Het is precies in situaties als deze dat ik me vreemd genoeg 14 jaar oud voel, en dat ik opnieuw diezelfde sportschoolvloer moet oversteken en mezelf gewoon aan haar moet aanbieden. Elke keer als ik dat doe, gebeurt er iets moois. Met een bevend hart onthul ik mezelf en mijn vrouw reageert op mij. Er ontstaat een intieme dans vol wendingen die onmogelijk te voorspellen waren. En op de een of andere manier, op manieren die moeilijk onder woorden te brengen zijn, verbindt het ons met elkaar en verdiept het onze relatie.
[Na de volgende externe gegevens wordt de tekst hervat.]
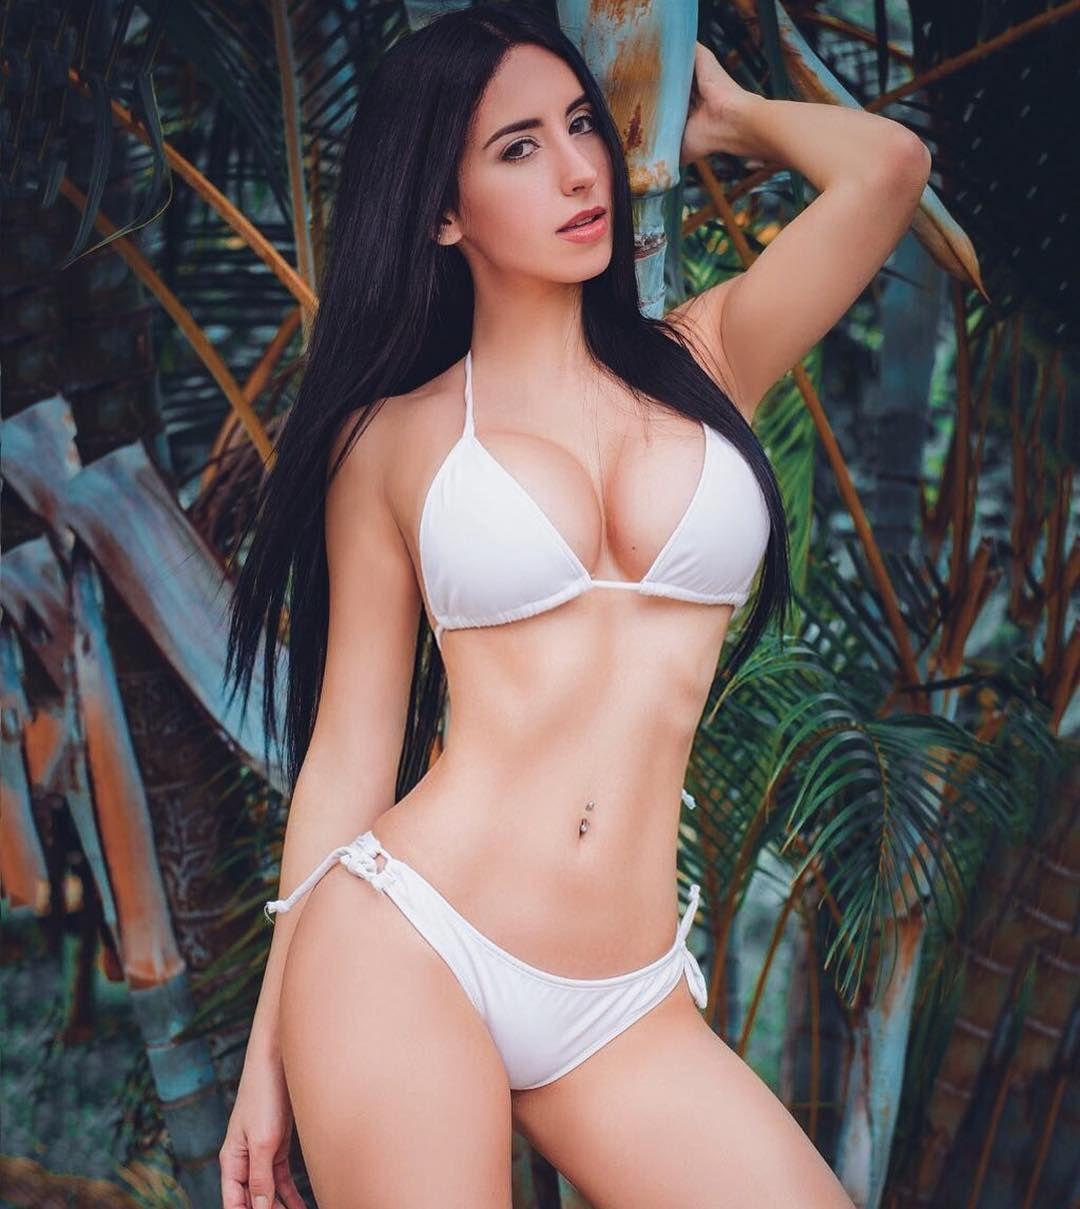 Cleavage Maria Fernanda Padilla nude photos 2019

Ik moet toegeven dat het soms te moeilijk lijkt om mijn rug van de muur te halen. Ik zit vast in mezelf terwijl het nummer eindigt en het moment voorbij is. Elke keer als het gebeurt, voel ik me verdrietig. Alsof ik mezelf opgaf.

En dan zijn er de keren dat ik de vloer oversteek en het niet echt lukt. Ja, dat is nog steeds een ding. Maar ik heb ontdekt dat het eigenlijk niet zo erg voelt als mijn rug aan de muur geniet terwijl het nummer eindigt.

De moed hebben om te verschijnen is eigenlijk minder riskant dan vast te blijven zitten. Dat is iets wat ik wou dat ik het had geweten toen ik 14 was.

Dus, door dit alles, denk ik dat ik hier iets heb bedacht. Ik heb geleerd dat om te dansen, je de sportschool moet oversteken en jezelf moet aanbieden, waardoor je partner de kans krijgt om je te accepteren of te weigeren.

Zonder dat kwetsbare aanbod kan de dans nooit echt plaatsvinden. Het kan eng zijn als de hel, maar de dans is het waard.